Overview

Developed by Facebook(then became open sourced) and inspired by Dynamo and BigTable papers.

Goal: extremely high availability (high throughput/low latency with emphasis to heavy write load)

It consists of keyspaces, that can contain multiple tables. A table contains multiple rows characterized by the schema. The schema defines a structure for each row and a primary key.

Primary key has two components:

  1. Partition key. Defines distribution of data. Rows are split to different partitions. Partition resides on one disk space.
  2. (Optional) Clustering columns. Defines how rows on the same partition will be stored on a disk(asc desc etc).

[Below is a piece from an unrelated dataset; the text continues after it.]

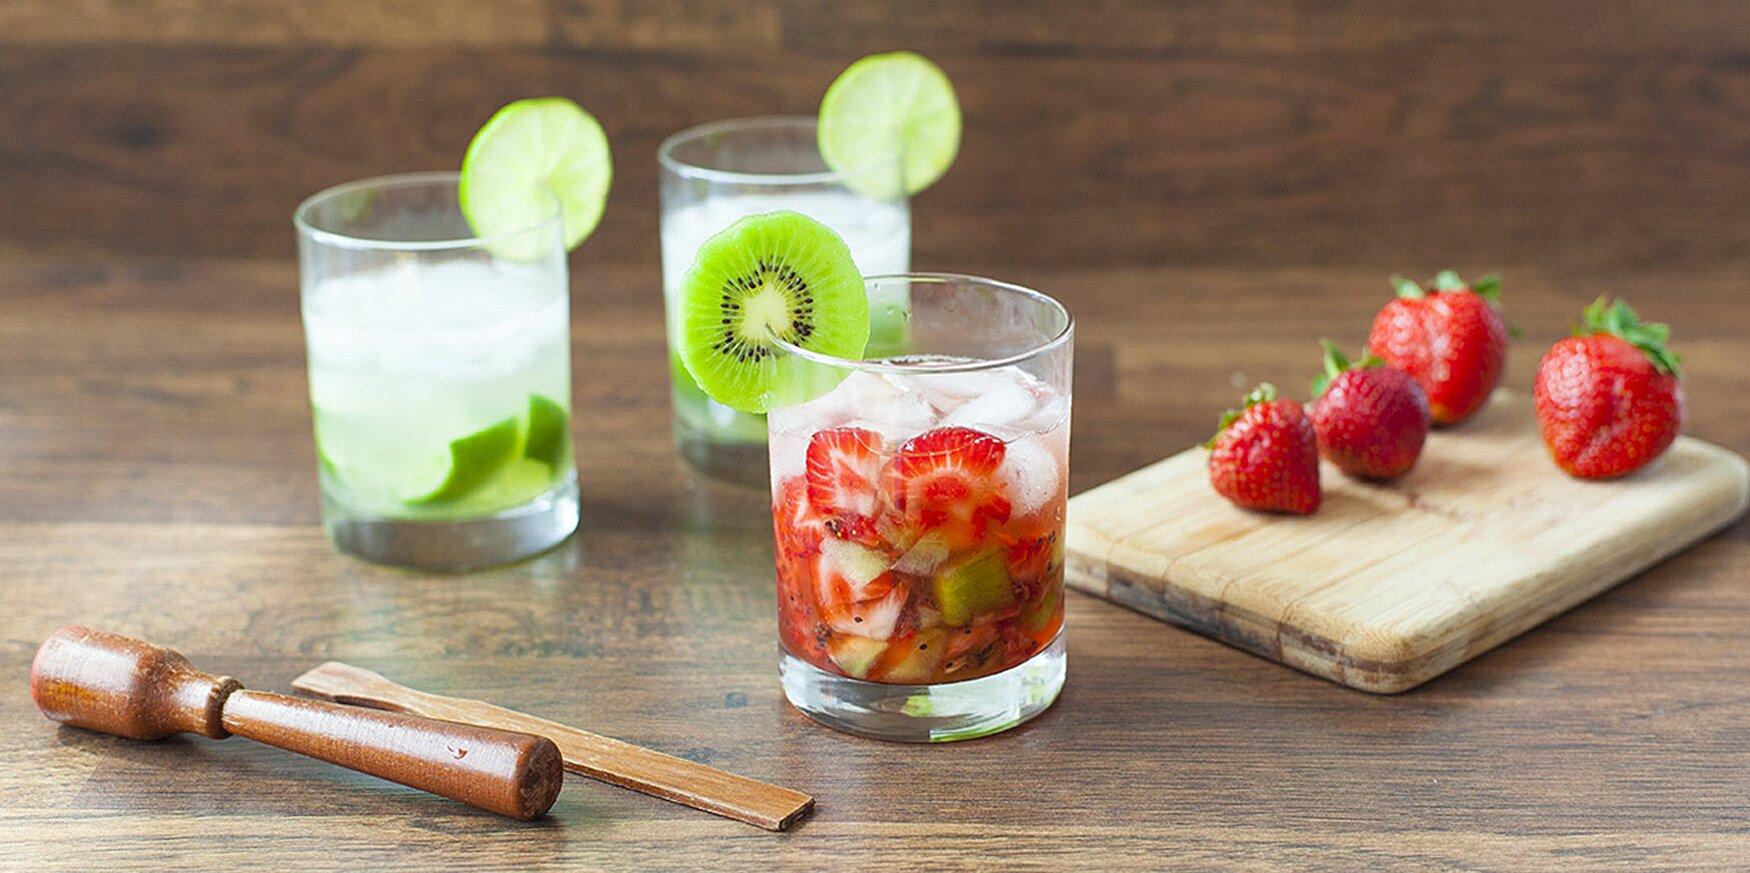 strawberry kiwi caipirinha recipe

https://s3-us-west-2.amazonaws.com/secure.notion-static.com/354b056a-1518-494d-bc39-55f46b2c8a75/Untitled.png

If both are present, then it's called compound primary key.

Each partition contains rows with the same value for defined partition key.

https://s3-us-west-2.amazonaws.com/secure.notion-static.com/b9cd39d2-2c9e-402d-9bd5-6ebc95ba2fd0/Untitled.png

Architecture

Cassandra uses consistent hashing for load distribution. Each partition replicated across N nodes and it's called the replication factor.

https://s3-us-west-2.amazonaws.com/secure.notion-static.com/83e7b0fa-4f0c-41a4-9a41-b85d16129a93/Untitled.png

Consistent Hashing

The nodes of the cluster communicate with each other using gossip protocol. In this way nodes are able to keep track of which nodes are responsible for which token ranges. Also it's used to determine unhealthy servers.

Gossip protocol

Cassandra doesn't have leader, so node that has been requested is called coordinator node. It's responsible for managing and executing request on behalf of the client. This node identifies nodes that contain requested partition and dispatches requests.

Nodes can handle writes concurrently. So in case of conflict Cassandra uses LWW (last write wins). Each row is written with timestamp. Then after collecting responses coordinator returns latest.